The Resurrection: An Invitation to Life

Last Monday I went to Christ Church St Lawrence to hear Bishop Keith Rayner speak. The passage he spoke about was the Anointing at Bethany, and he said that Holy Week and Easter takes us away from our carefully thought out, logical ideas, thoughts and insights, and brings us face to face with our emotions. He said that just as the perfume poured out on Jesus' feet, filled the house at Bethany so God's love, poured out on us, fills the world.

I have tried to follow his example in my own sermons for Maundy Thursday and Good Friday. I have tried to touch the love in the midst of the passion of Jesus Christ. In the same way, today, when we celebrate the Resurrection, what we really celebrate and proclaim is God's love and God's passion; God's passionate concern for humanity.

And passion is something we tend to steer away from. Strong emotions can be untidy, irrational and scary. In the old movie, Moonstruck, one of the characters says, "Love doesn't make things nice, it ruins everything. It breaks your heart. It makes things a mess. We aren't here to make things perfect. We're here to ruin ourselves and to break our hearts, and to love the wrong people, and die."

That's what God's love is like. It is a passionate love which does not do what we expect. When we read the stories of Scripture we find God's love is passionate, strong and wasteful. Salvation history is messy. God loves the wrong people; like a boat builder called Noah, or a desert wanderer called Abraham, or a mob of Egyptian slaves called the Israelites, or a wild warrior woman named Deborah, and the prostitute named Rahab, who ended up in the genealogy of Jesus. God loves the wrong people, and God's heart breaks every time the people wander away. But God's love bears all things, believes all things, hopes all things, endures all things, and never ends. God still calls us in the night; God still pursues us through our lives; God still loves.

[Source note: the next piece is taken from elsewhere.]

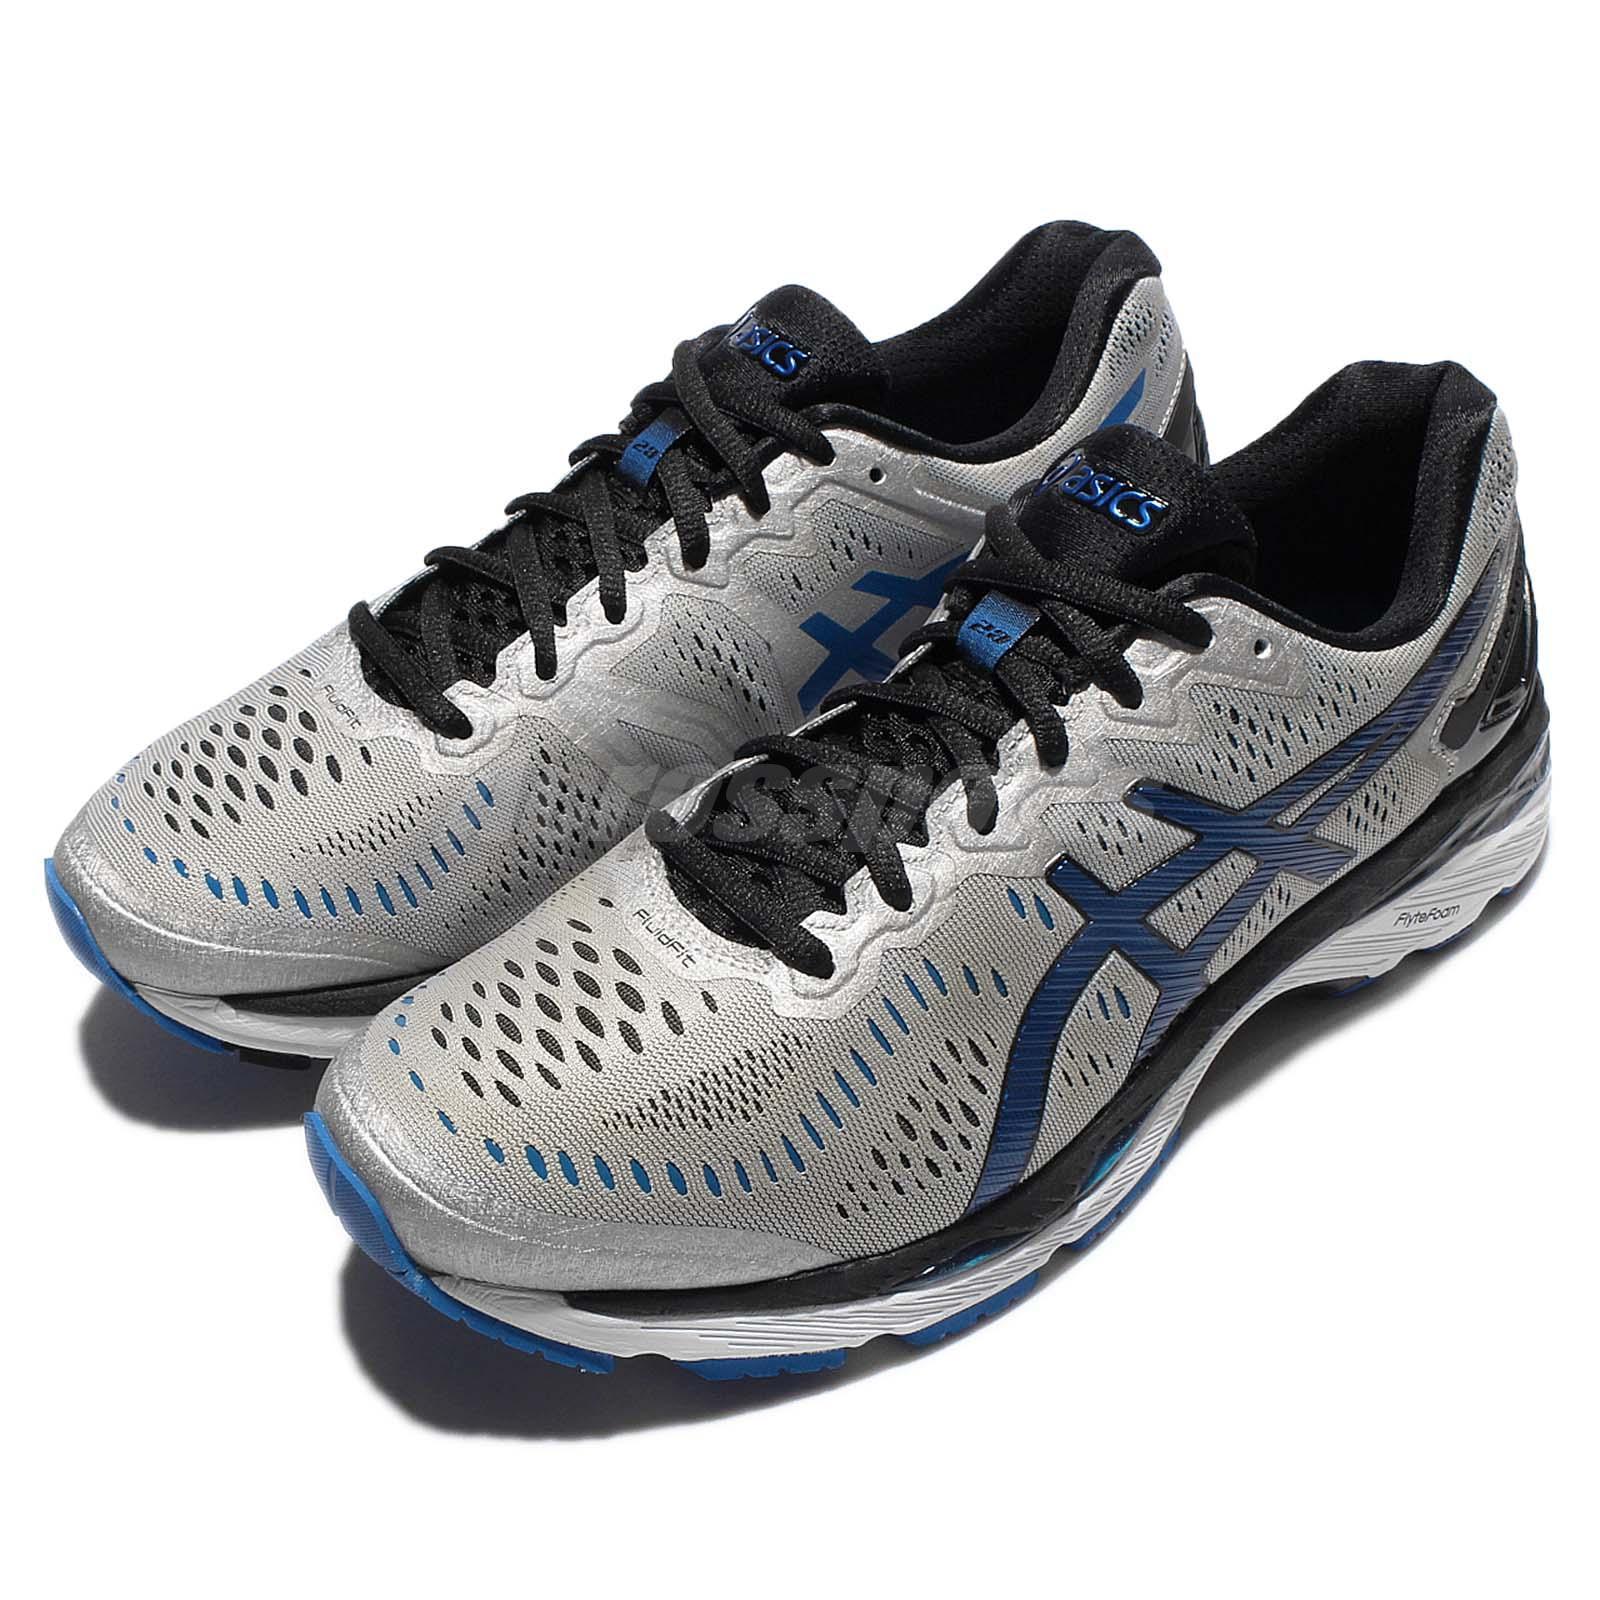 asics gel kayano 23 2e wide grey navy silver mens running shoes t647n 9345 ebay. Black Bedroom Furniture Sets. Home Design Ideas

And God comes to us, as God's beloved (Jesus, whom we call Immanuel--God with us). And even here, even coming to us, even in Immanuel, God doesn't make things nice. God doesn't make things perfect, at least the way we think of perfection. God doesn't take away death. God doesn't fix the world. Instead, God joins us. God is so passionate about us that God joins us in birth, in life, and in death.

We might like God to take away all wars and killing and murder. We might like God to take away death and make the world a nicer place to live in. We might like God to keep everything calm and cool and peaceful. But no, instead God loves us, even to death on the cross and joins us in our pain and death. And, scandal of all scandals, God even enrols us in this mad, passionate, wasteful love for humanity. We're asked to love as God loves; to risk as God risks; to be the way that God comes to others in love. We're asked to embody God's love, to give up safety and security and seemliness in favour of witness and service and evangelism. We're asked to embrace the things that act out God's passion for humanity.

God says, "Be my love. Incarnate, that is, give a body to, my love for everyone whom you meet. Love passionately, excessively, wastefully. You will weep as I have wept, your heart will break as mine breaks, if you love others as I have loved you. Ruin everything and die for love. Have courage. Risk love and remember that I will raise you up at the last."

But how will we have the courage to live like this? How will we dare to take the risks involved? The answer is what we are celebrating today. On this day, when most people are at home or at the Show or doing something else, we are here to celebrate the Resurrection, which is what makes our life in Christ possible.

Again, how is it so?

Resurrection is not a reward for good behaviour - it would be absurd to say that Jesus was raised from the tomb because he had been a good boy and died on the cross. Resurrection is the assurance that love never ends, resurrection tells us that the abundant life Jesus promised really is ours.

Resurrection is the promise of heaven, of life and of love. Resurrection is an invitation to spend your life passionately for other people; to love others as God has loved you; to know that God's account for loving is never overdrawn.

The Resurrection is both a promise of heaven and a present reality about life and love. If we live, if we love; as Christ lived and loved, then God will honour our life and love. We can risk breaking our hearts and loving the wrong people, serving and witnessing, loving justice and mercy. We can take these risks because we know the Resurrection is ours now, not some time in the future, but right now, today. God honours life and gives it as a gift again and again.

Today I have tried to take hold of the Resurrection, not with the brain, but with the heart, not with thoughts, but with feelings. In this way resurrection stops being the goal of our faith and becomes instead a way of living and of serving God. For the Church it becomes an approach to ministry, and ministry stops being a duty and becomes a passion.

May it be so for all of us, this day and always. Amen.